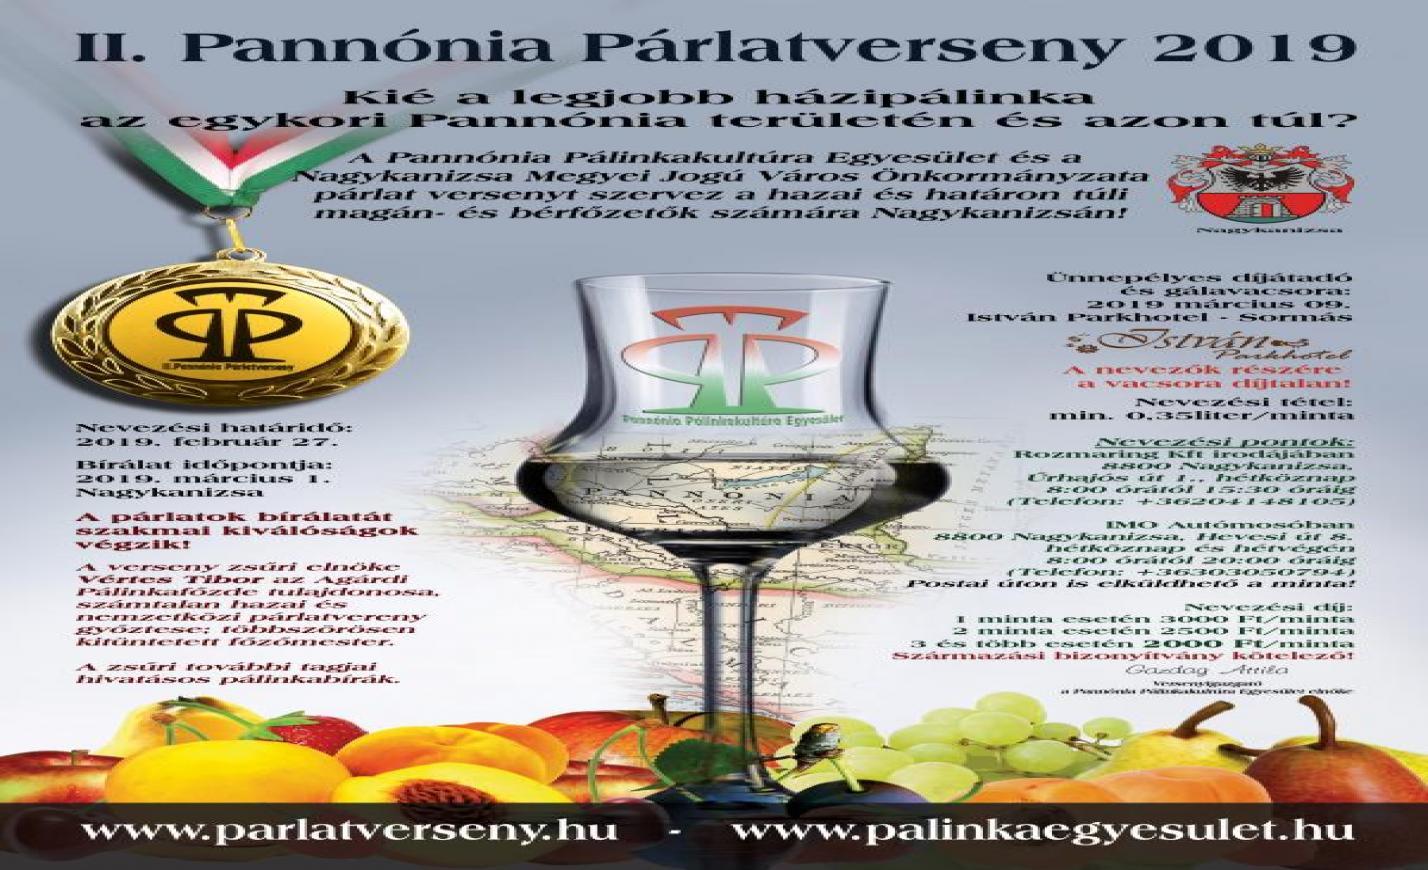 II. Pannónia Pálinkaverseny 2019
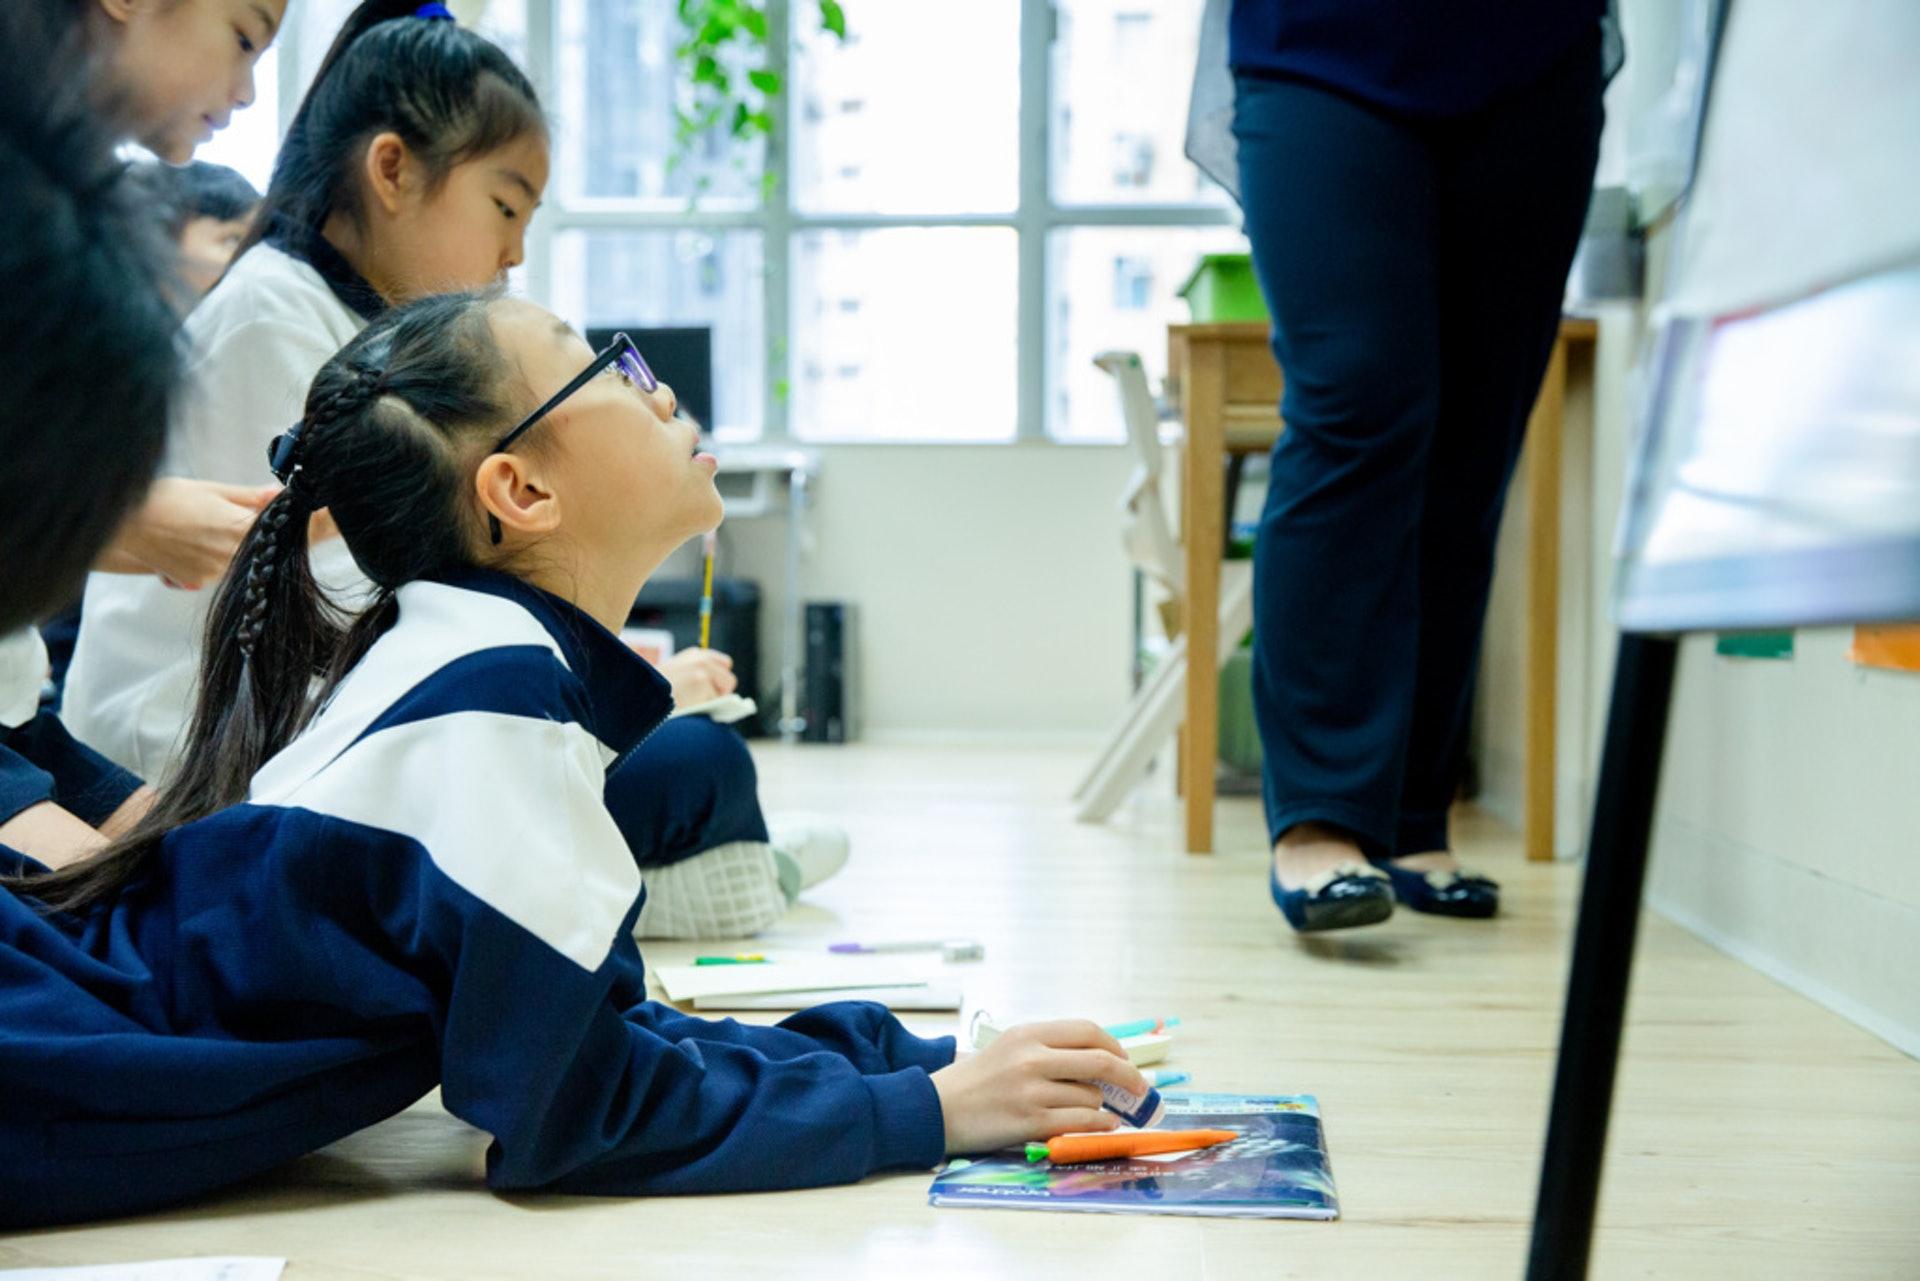 學生亦可以選擇不在座位上聽課,以自己最舒適的方法上課。
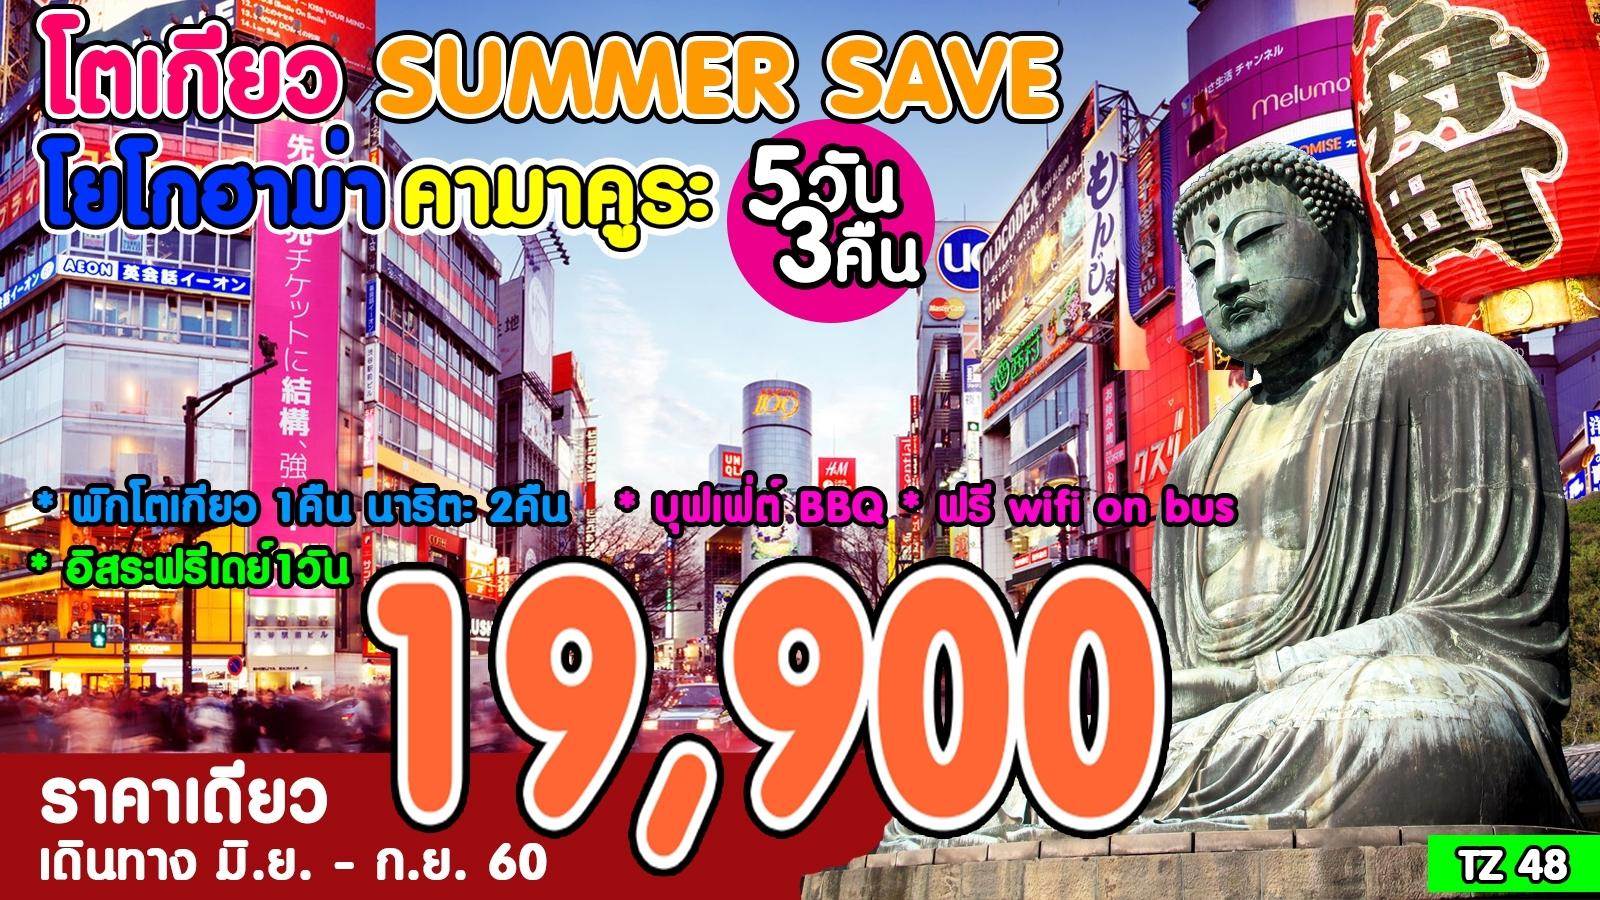 Tokyo Summer Save โตเกียว คามาคูระ โยโกฮาม่า 5วัน 3คืน มิ.ย.-ต.ค.60

■ ■ ■

Please retype the whole listing above exactly, without any of its images.

 II. Pannónia Pálinkaverseny 2019
 學生亦可以選擇不在座位上聽課,以自己最舒適的方法上課。
 Tokyo Summer Save โตเกียว คามาคูระ โยโกฮาม่า 5วัน 3คืน มิ.ย.-ต.ค.60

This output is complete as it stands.